Hidup di Tanjung Pinang nyaman, seperti juga hampir di semua pulau di gugusan Kepri. Berbagai kebutuhan tersedia, meski ada yang didatangkan dari luar.Kota ini pernah hendak ditinggalkan, ketika turis Singapura hampir-hampir tak datang lagi. Kejayaannya, kemudian seolah dirampas oleh Batam. Namun, tidak, Tanjung Pinang adalah kota yang terkenal.

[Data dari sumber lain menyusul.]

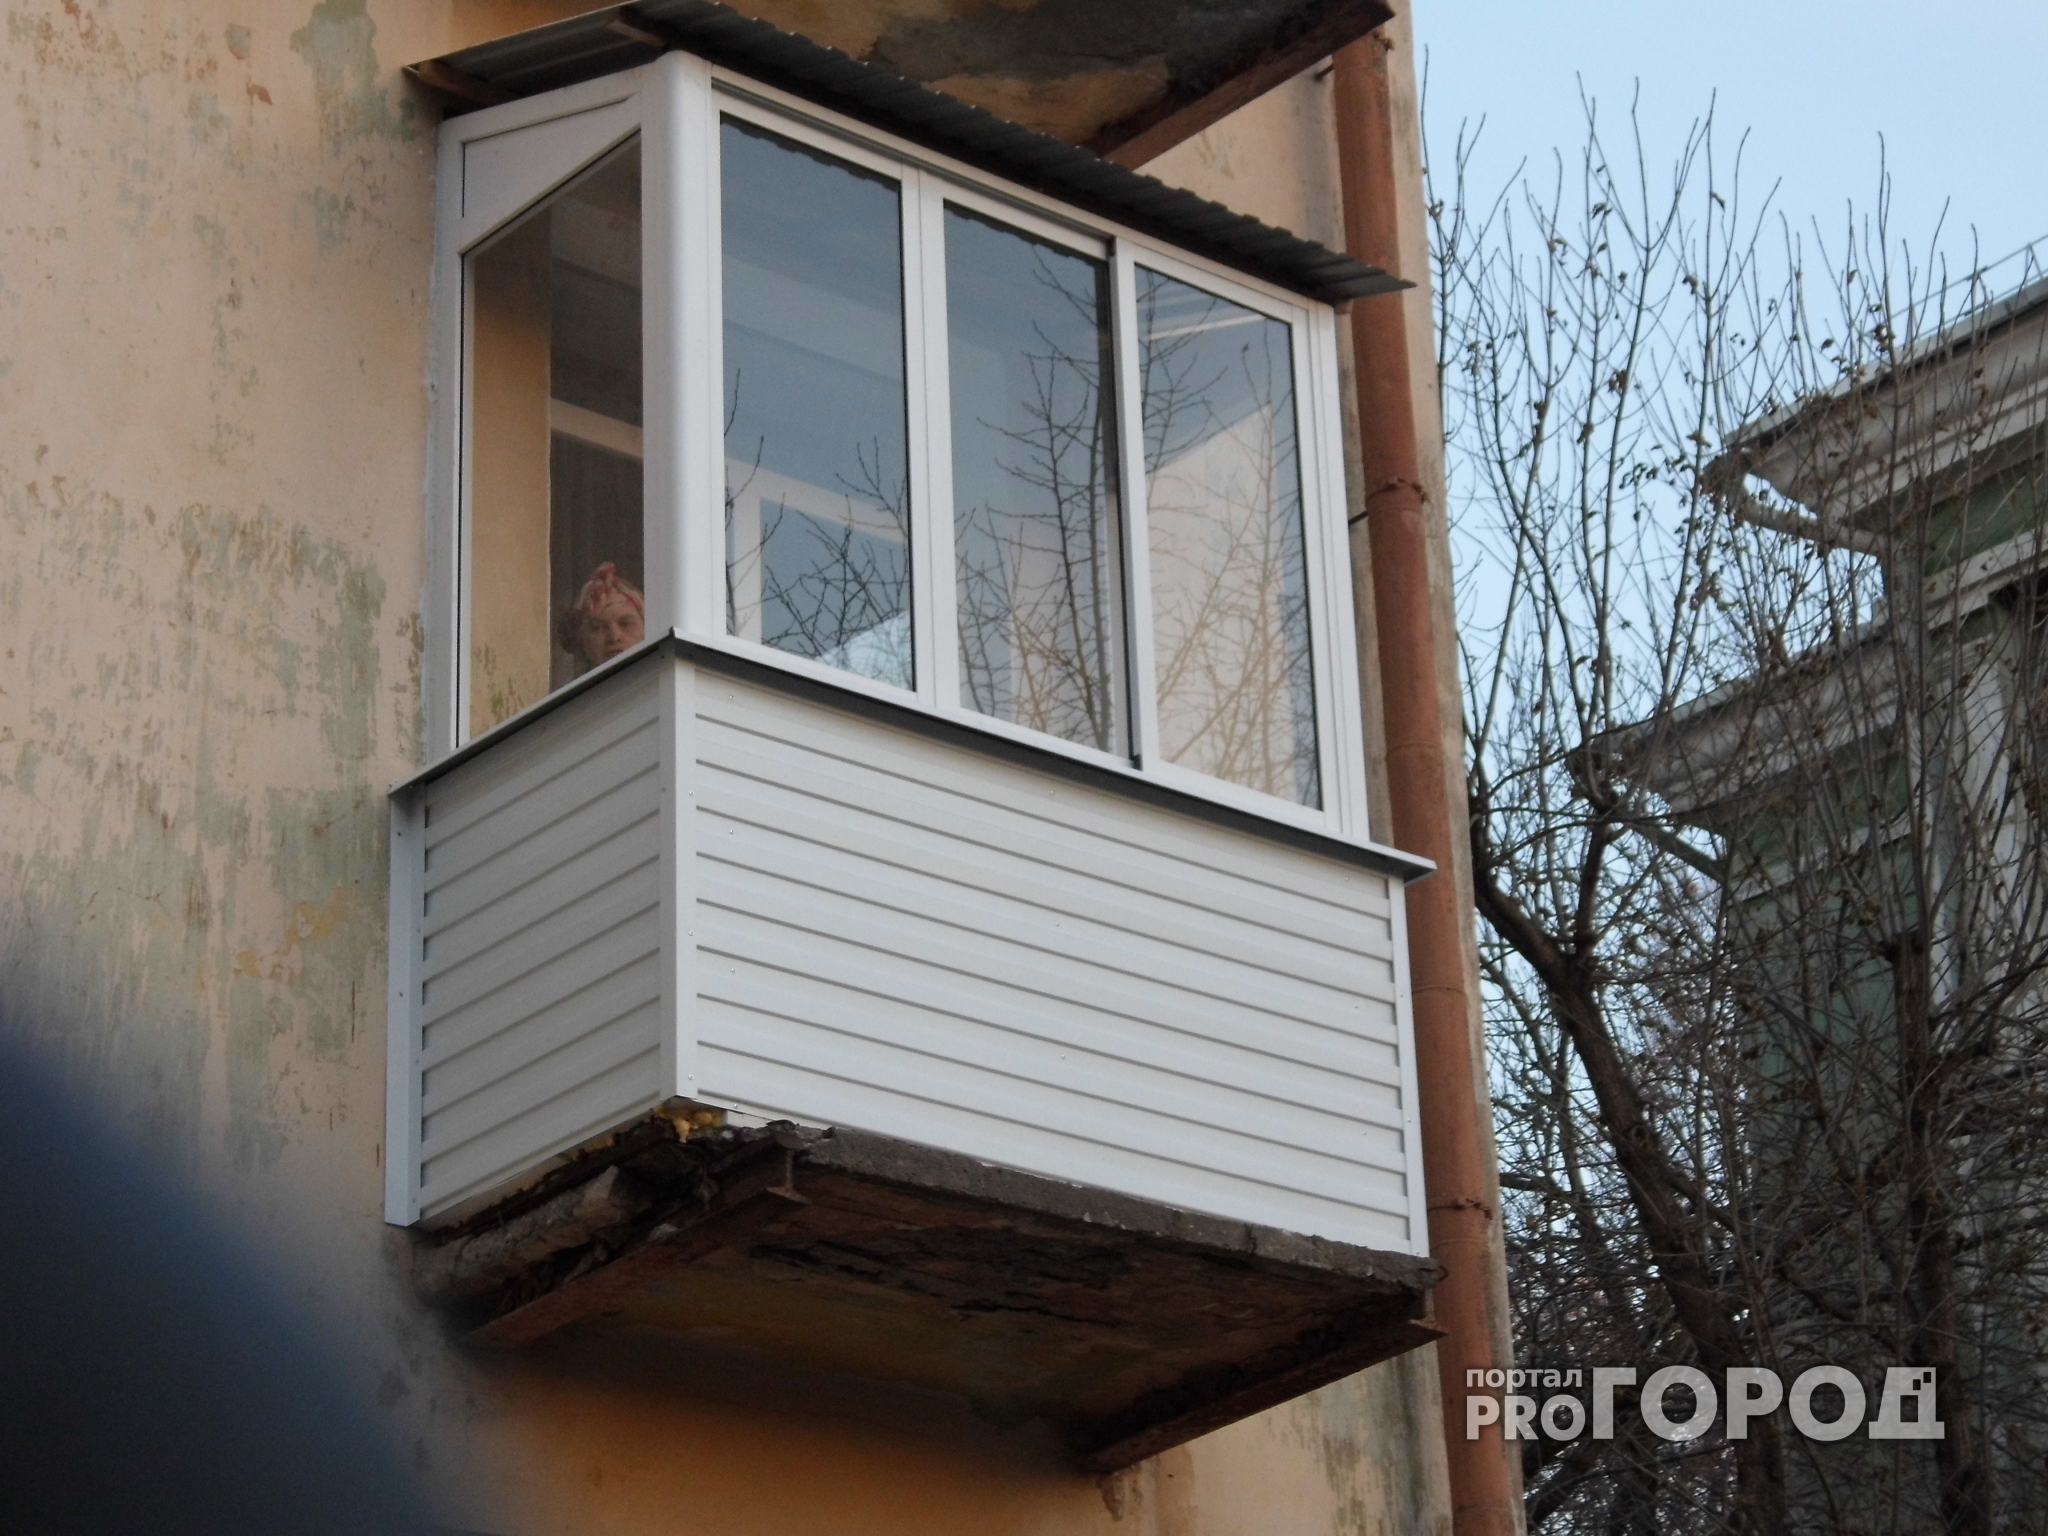 В Сыктывкаре пьяный мужчина пытался выкинуть младенца с балкона

Bandaranya Raja Haji Fisabilillah, sangat baik dan ramai pesawat mendarat di sana. Nama ini diambilkan dari pahlawan nasional yang gigih melawan Belanda.Tentu saja di sini pelabuhannya sangat penting seperti Pelabuhan Internasional Sri Bintan Pura, tapi kami berlabuh di Laut Jaya.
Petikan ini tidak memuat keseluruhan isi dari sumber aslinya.